= Exercise description =
In the entries that follow, find the line containing "Lot 553: 2 Civil" and the line containing "Gemoro Platinum Pro1600", then copy exactly everything from the first through the second except the pictures.

= Source data =

====================

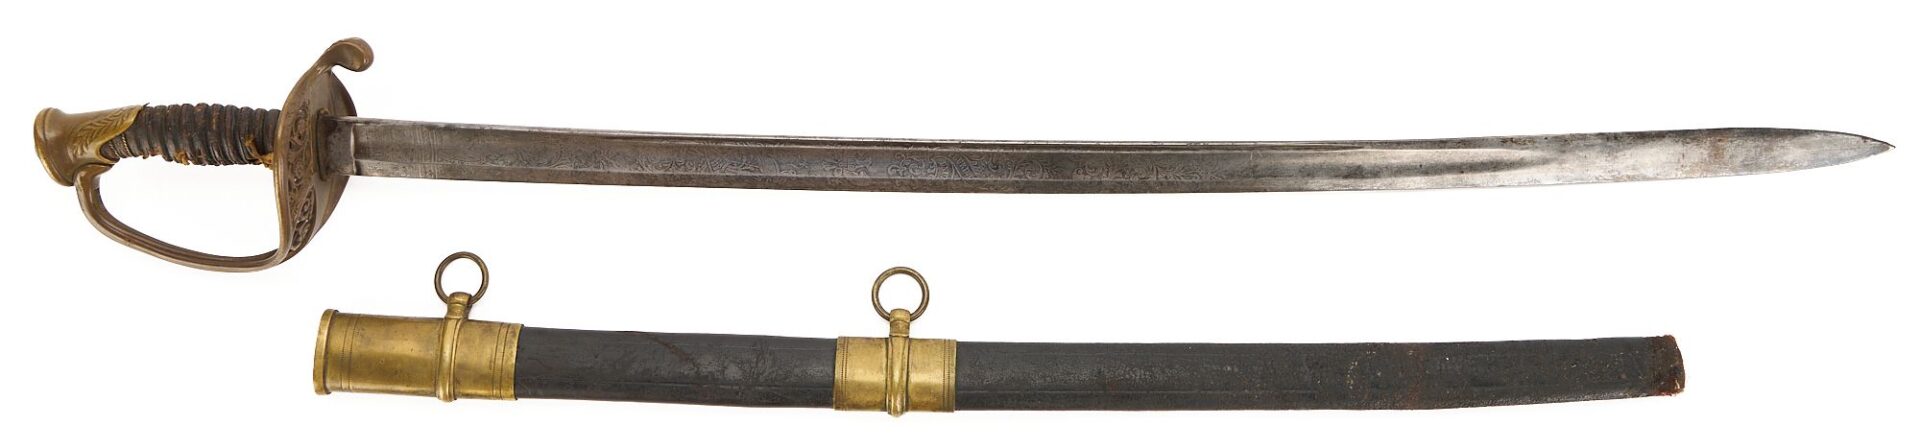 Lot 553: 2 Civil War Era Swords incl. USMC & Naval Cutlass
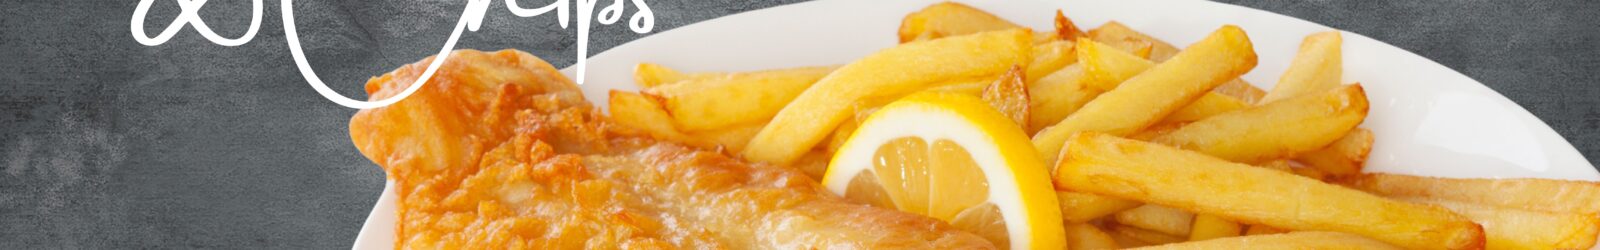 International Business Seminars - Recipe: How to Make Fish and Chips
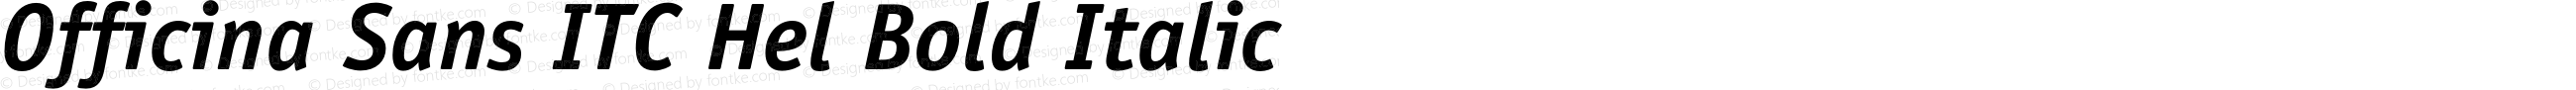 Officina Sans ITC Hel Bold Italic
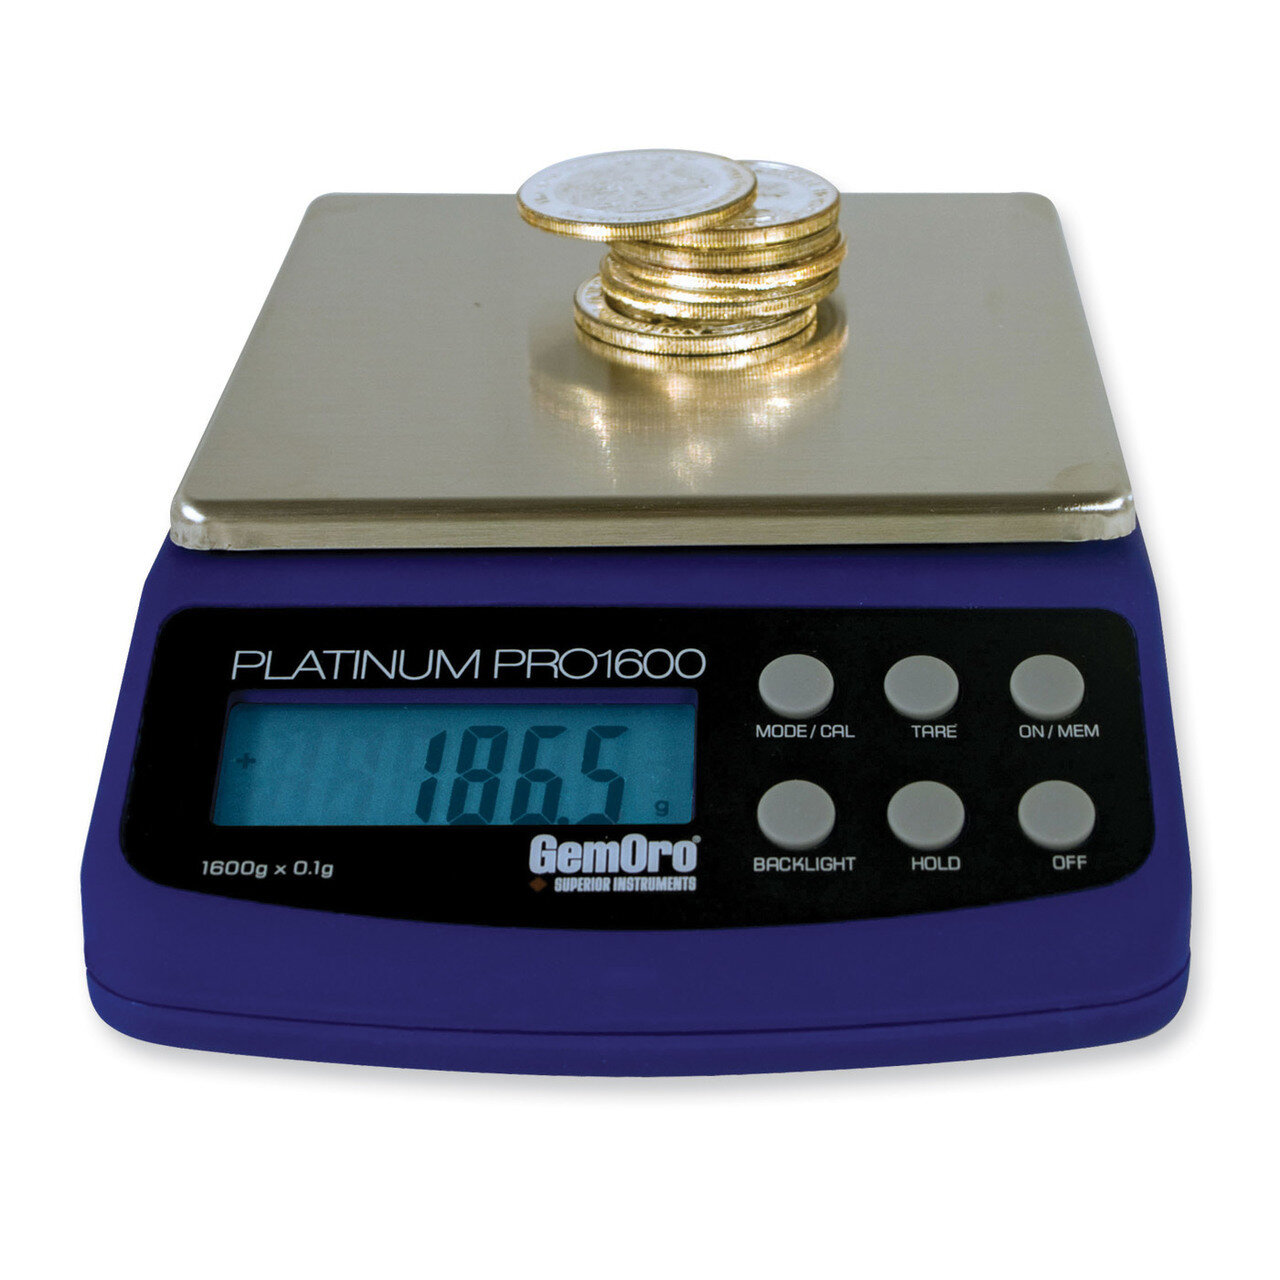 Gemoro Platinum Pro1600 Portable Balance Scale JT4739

====================

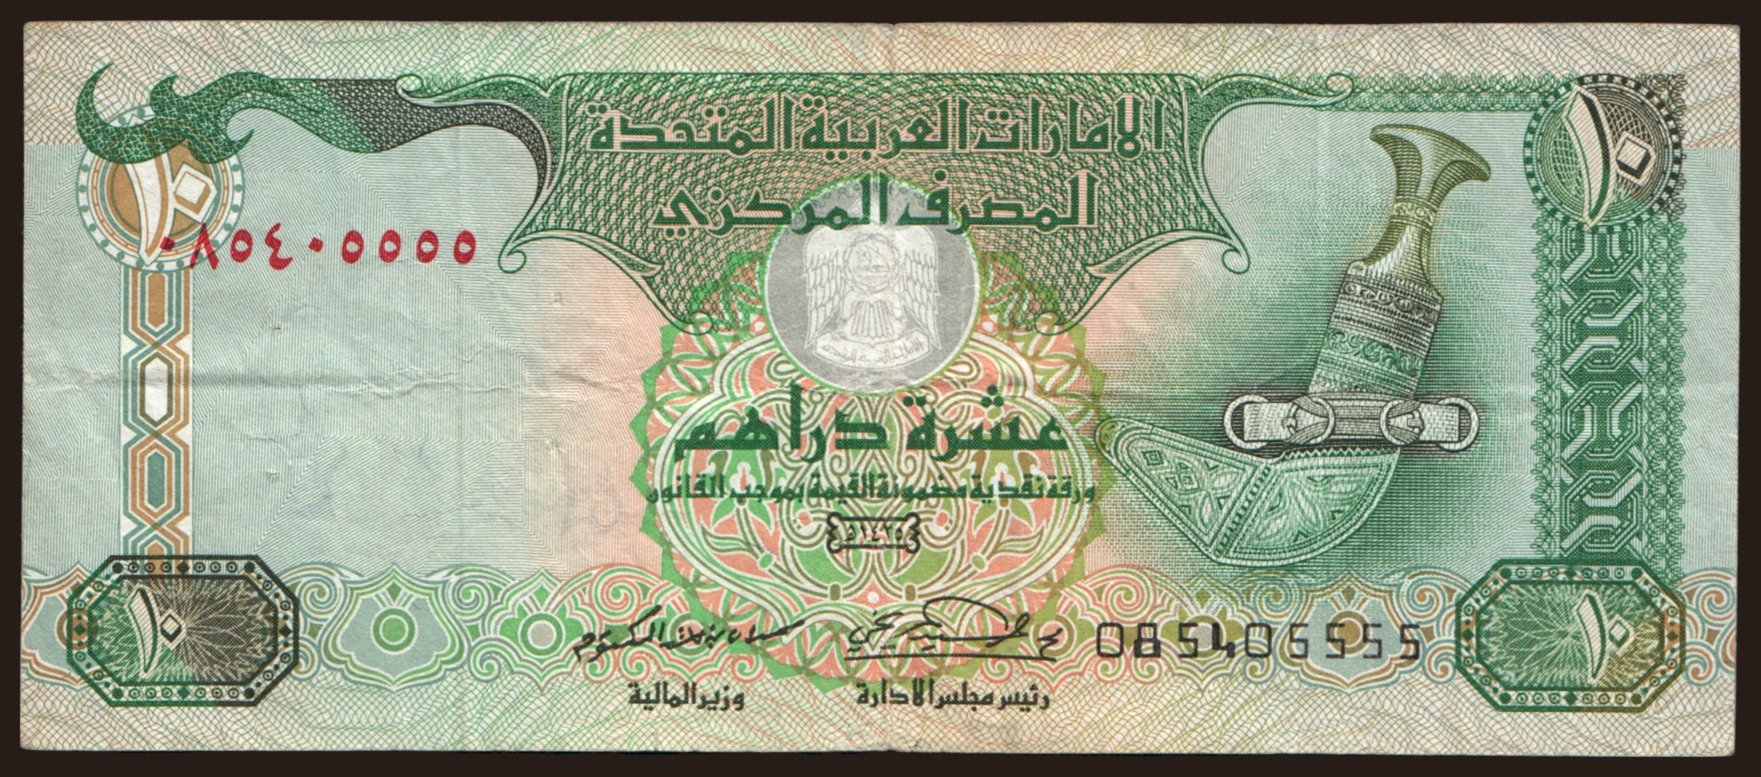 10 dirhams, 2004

====================

= Result of the exercise =
 Lot 553: 2 Civil War Era Swords incl. USMC & Naval Cutlass
 International Business Seminars - Recipe: How to Make Fish and Chips
 Officina Sans ITC Hel Bold Italic
 Gemoro Platinum Pro1600 Portable Balance Scale JT4739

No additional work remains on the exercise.